Amiga arnaca arnaca (Fabricius, 1776) Fabricius, 1776

Amiga arnaca arnaca (Fabricius, 1776) comb. n. Figs 2 a–h, 3, 4 a–d, 4 f–k, 5, 6

Papilio arnaca Fabricius (1776: 260-261). Type locality: Suriname. Neotype ♂ (here designated): // Suriname Brokopondo Brownsberg, rainforest km 6-12, 30.1.1982, Olle Pellmyr // USNMENT 00913953 // (USNM) [examined]

= Papilio ebusa Cramer (1780: 9; pl. CCXCII: figs F, G). Type locality: Suriname. Neotype ♂ (here designated): Suriname Brokopondo Brownsberg, rainforest km 6-12, 30.1.1982, Olle Pellmyr // USNMENT 00913953 // (USNM) [examined]

= Euptychia arnaea [sic] form priamis D’Almeida (1922: 99). Type locality: Três Rios, Jacarepaguá [Rio de Janeiro (city), Rio de Janeiro (state), Brazil]. Holotype ♂: // Euptychia ar-naea priamis d’Alm. 1922. ♂ // Jacarépaguá, Tres-Rios.
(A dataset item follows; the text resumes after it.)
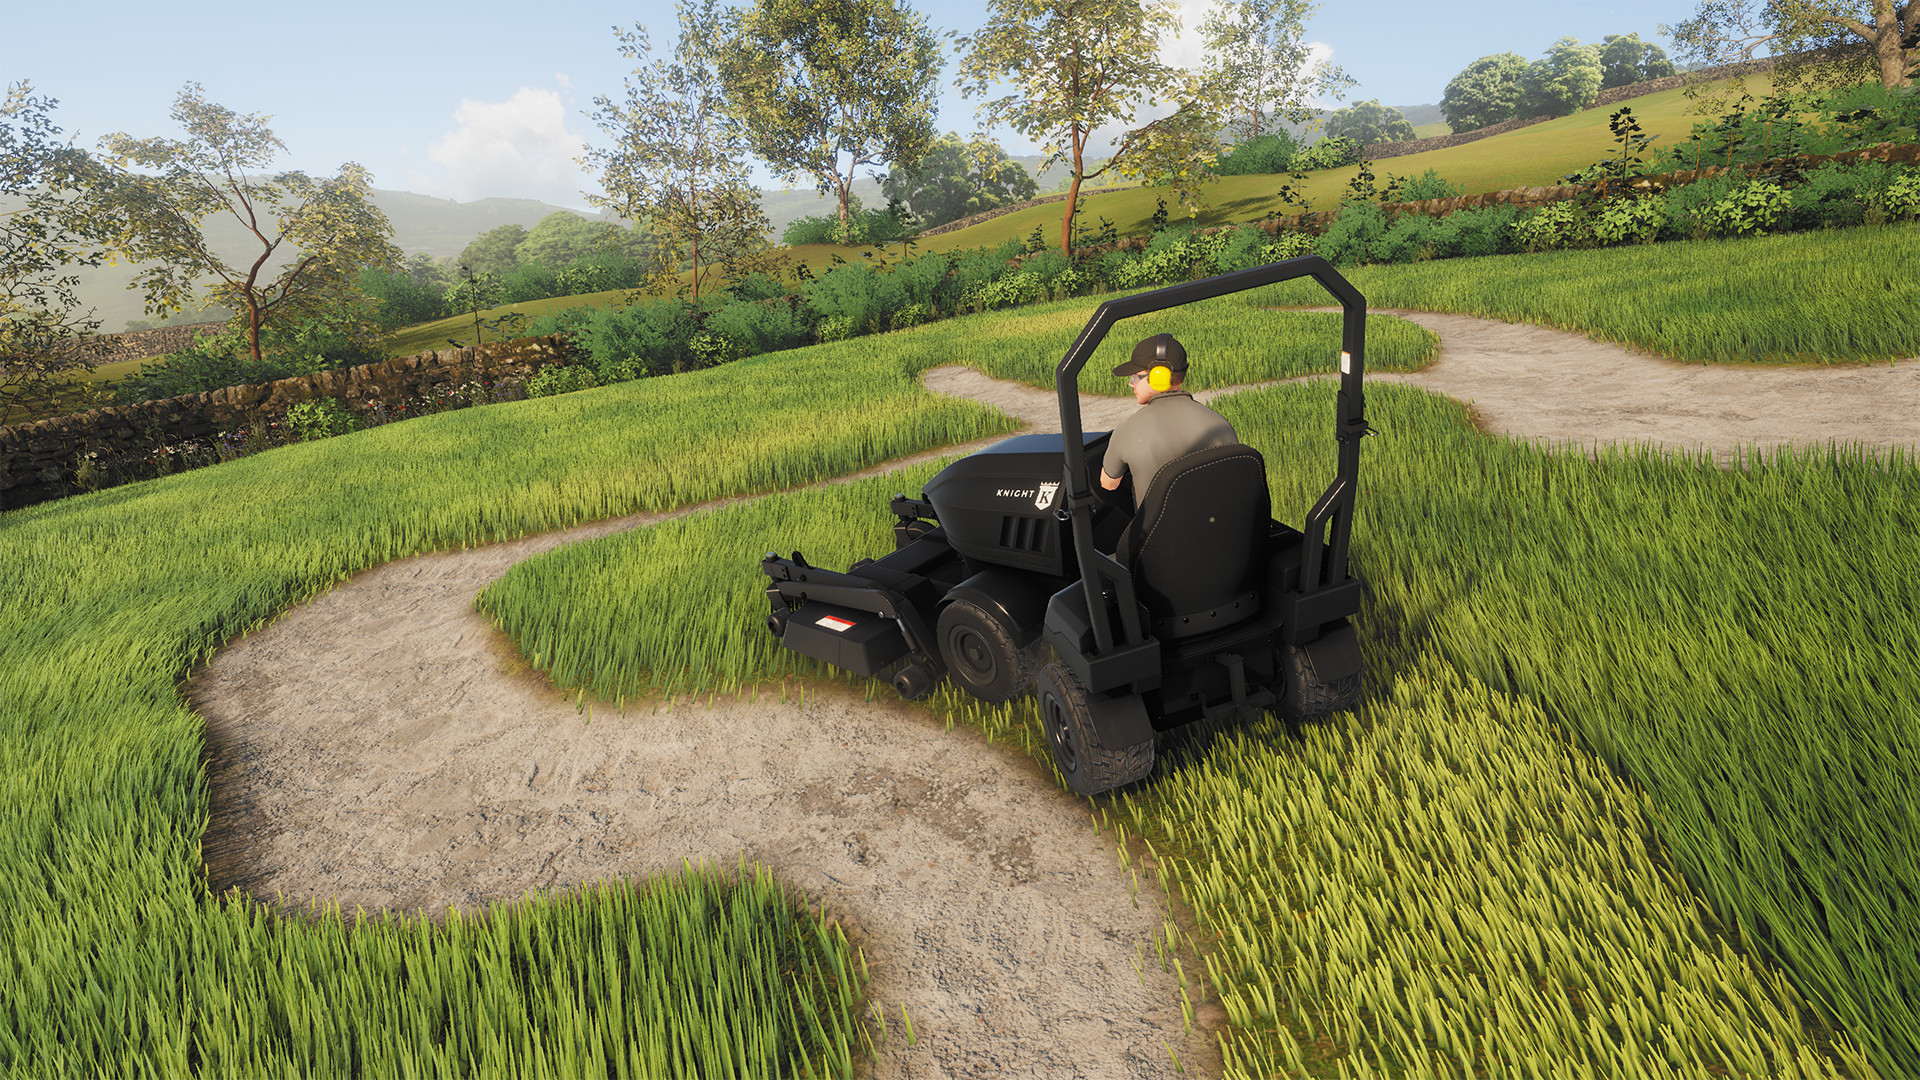 Lawn Mowing Simulator - Ancient Britain DLC Steam CD Key

Rio, 19.. ♂ // HOLOTIPO// Coll. D’Almeida // No 5630 // DZ 34.684// (DZUP) [examined]

Papilio arnaea [sic]: Fabricius 1781: 85; Fabricius 1787: 37; Kirby 1871: 53; Butler and Druce 1874: 337; Butler 1876: 489; Kaye 1904: 181; Hall 1939: 34.

Papilio aranea [sic]: Fabricius 1793: 97.
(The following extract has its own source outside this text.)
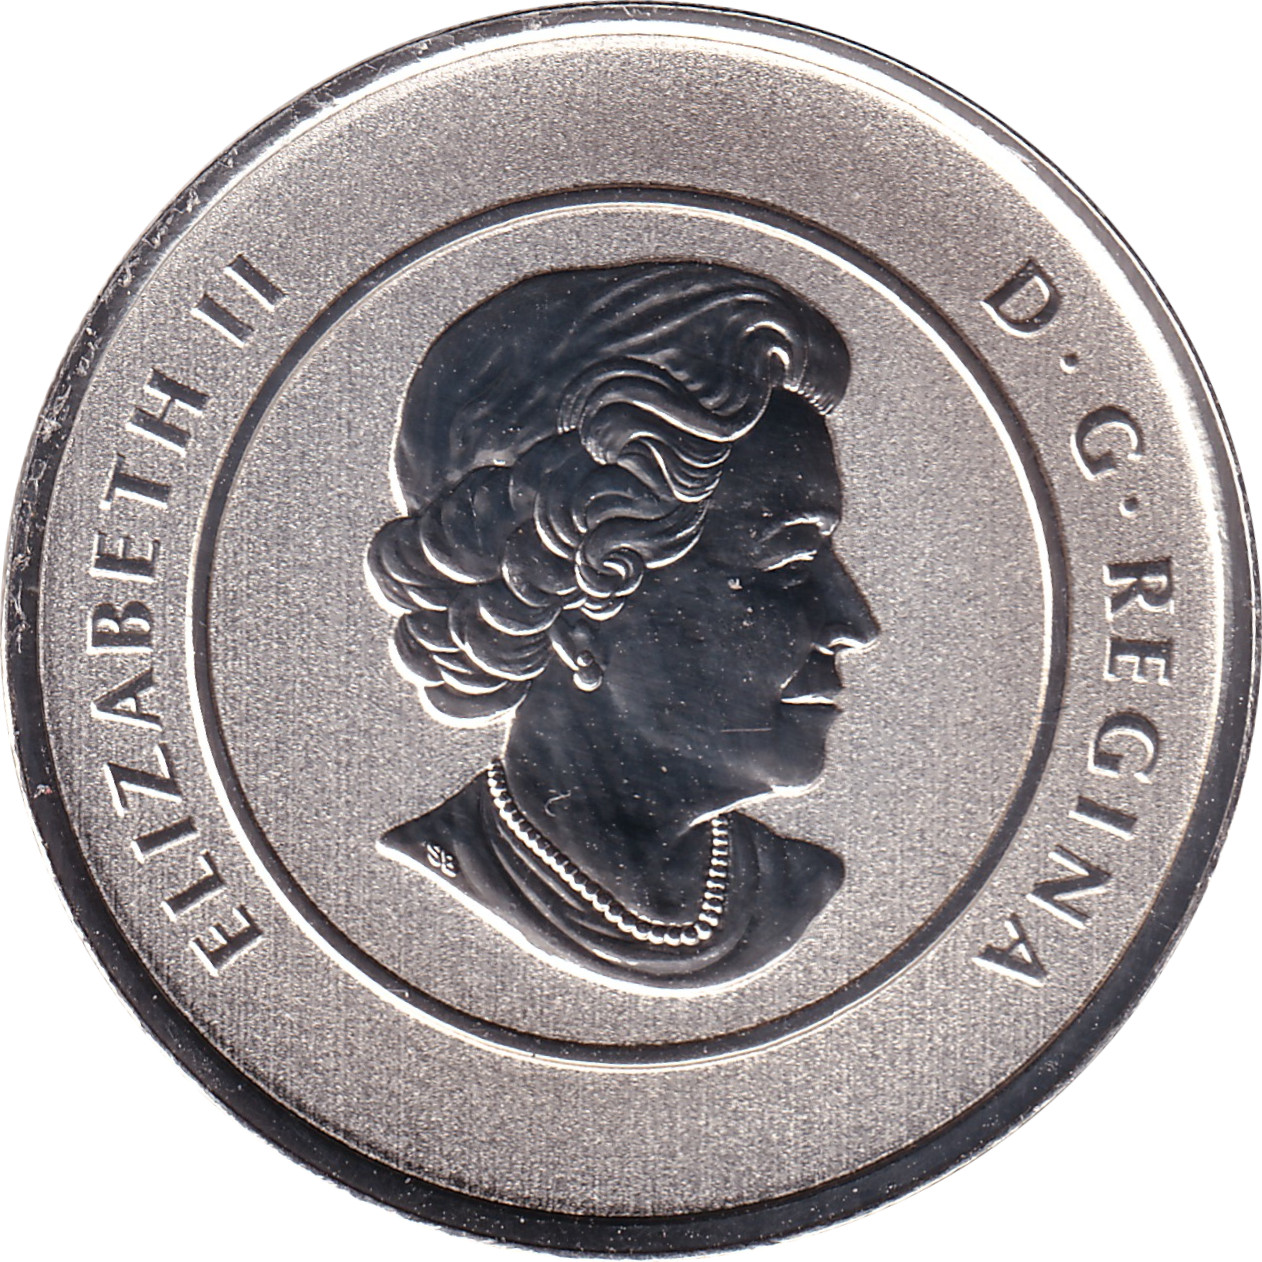 20 dollars - Farewell one cent coin

Satyrus aranea [sic]: Godart [1824]: 492; Butler 1867: 489.

Euptychia ebusa : Butler 1867: 489; Möschler 1877: 323; Kirby 1879: 135; Godman and Salvin 1880-1881: 88-89; Dyar 1914: 143.

Euptychia arnaea [sic]: Kirby 1871: 53; Butler and Druce 1874: 337; Butler 1877: 122; Möschler 1877: 323; Godman and Salvin 1880-1881: 88-89; Sharpe 1890: 569; Kaye 1904: 181; Weymer 1911: 219, pl. 49d; Hall 1939: 34; Whittaker 1983 (misspelled as “arneae” in figs 1, 2); D’Abrera 1988: 770-771; Emmel and Austin 1990: 10; Mielke and Casagrande 1991: 181; Cock 2014: 11.
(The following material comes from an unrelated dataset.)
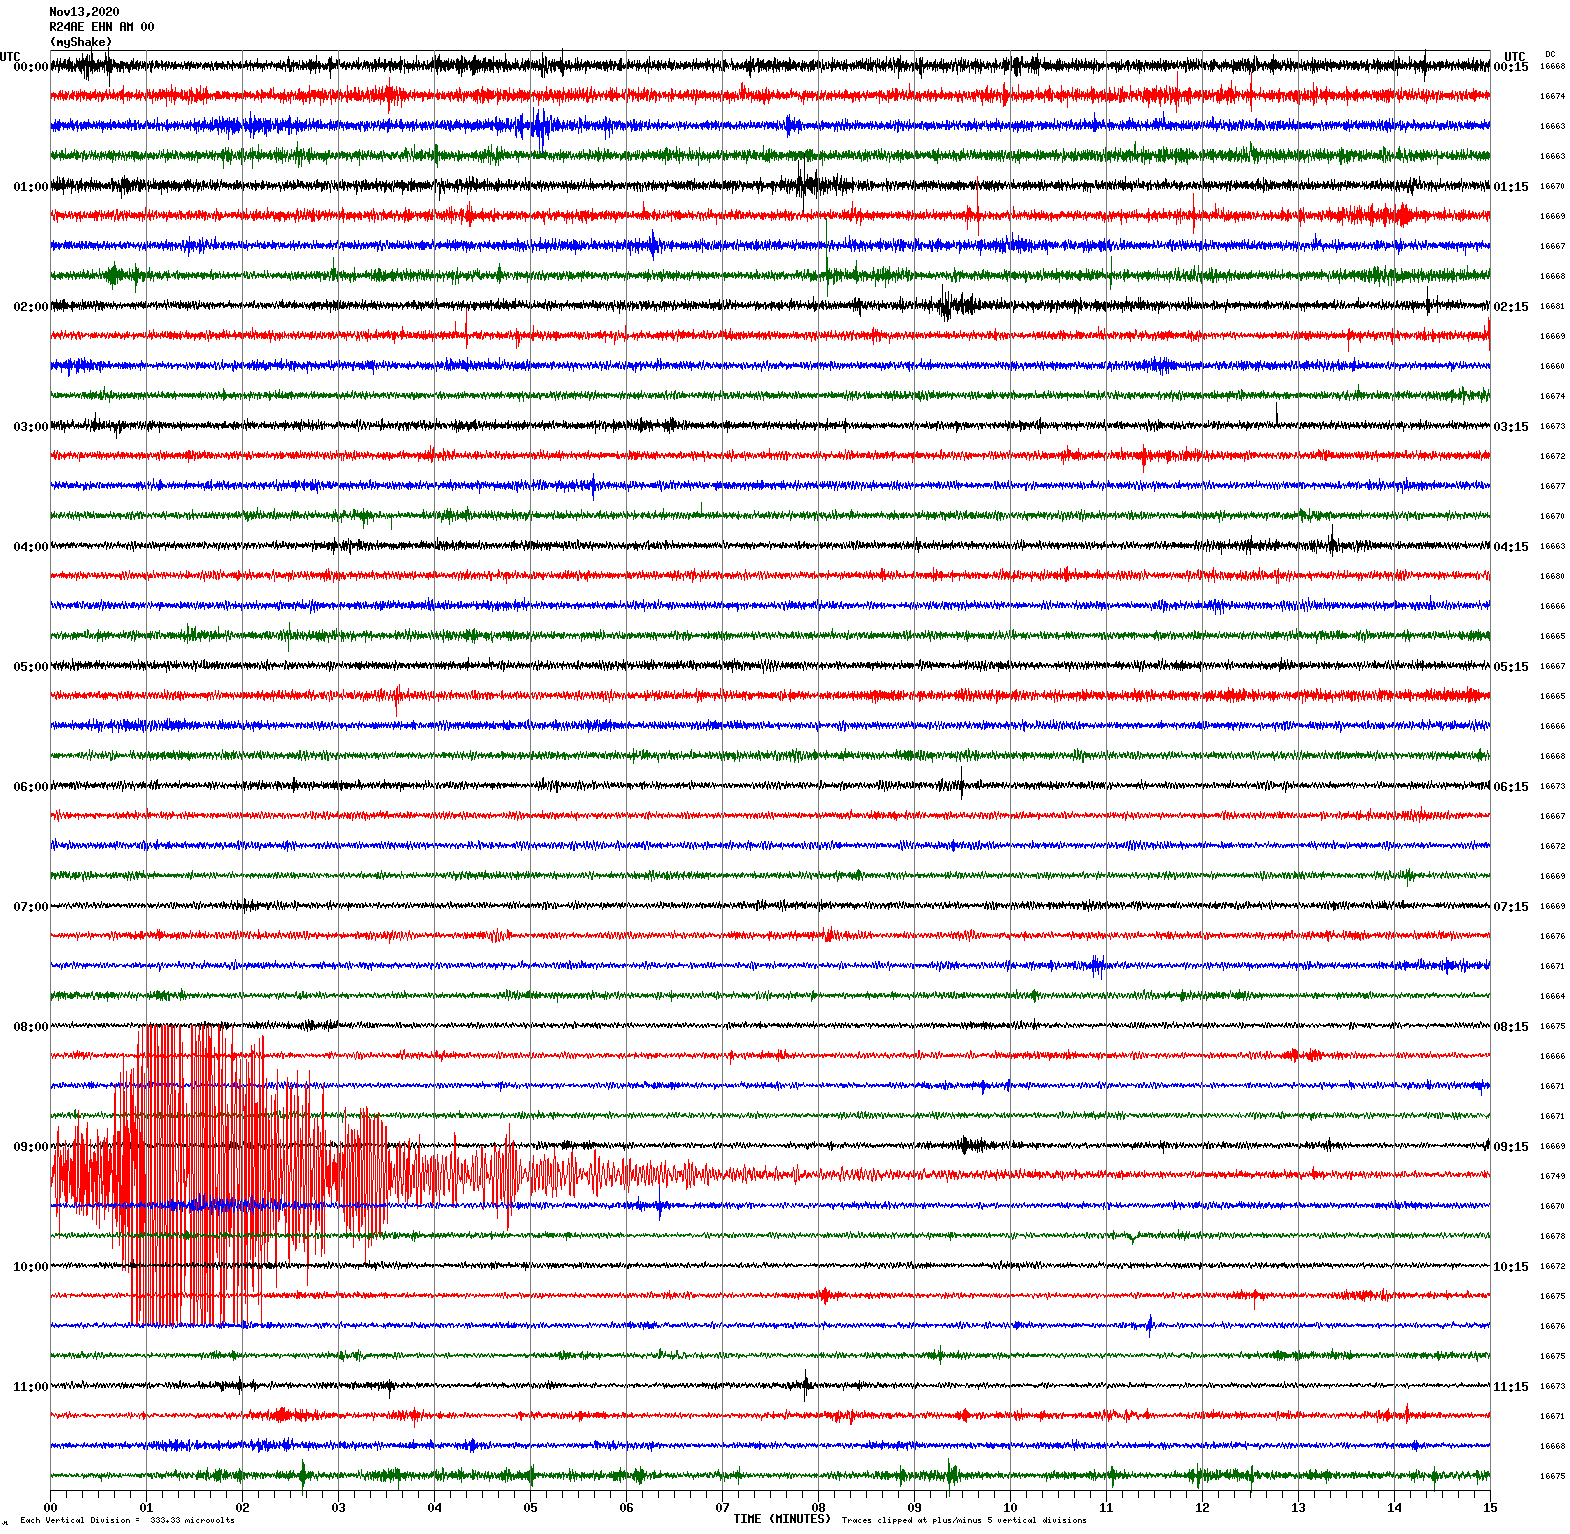 /seismic-data/R24AE/R24AE_EHE_AM_00.2020111300.gif

Euptychia arnaea [sic] form priamis : D’Almeida 1937: 254; Brown 1975: 41.

Euptychia arnea [sic]: Gaede 1931: 439; Barcant 1970: 143, pl. 13, fig. 18.

Euptychia arnea [sic] var. priamis : Gaede 1931: 439.

Euptychia arnaca arnaca : Bryk 1953: 63.

Chloreuptychia arnea [sic]: Forster 1964: 120, fig. 131.

Chloreuptychia arnaea [sic]: DeVries 1987:271, pl. 48 figs 18, 19; 261, figs B, C; Ramos 1996: 40; Brown and Freitas 2000: 105.

Cissia arnaea [sic]: Singer and Ehrlich 1993 251, fig. 1.

Chloreuptychia arnaca : Lamas 1994: 165; Lamas and Grados 1996: 58; Lamas et al. 1996: 65; Lamas et al. 1999: 10; Lamas 2004: 218; Beccaloni et al. 2008: 328; Brévignon 2008: 70; Marín and Uribe 2009: 24; Peña et al. 2010: 246; Francini et al. 2011: 65; Paluch et al. 2011: 235; Brévignon and Benmesbah 2012: 52; Cock 2014: 11; Freitas et al. 2016: 320; Paluch et al. 2016: 4.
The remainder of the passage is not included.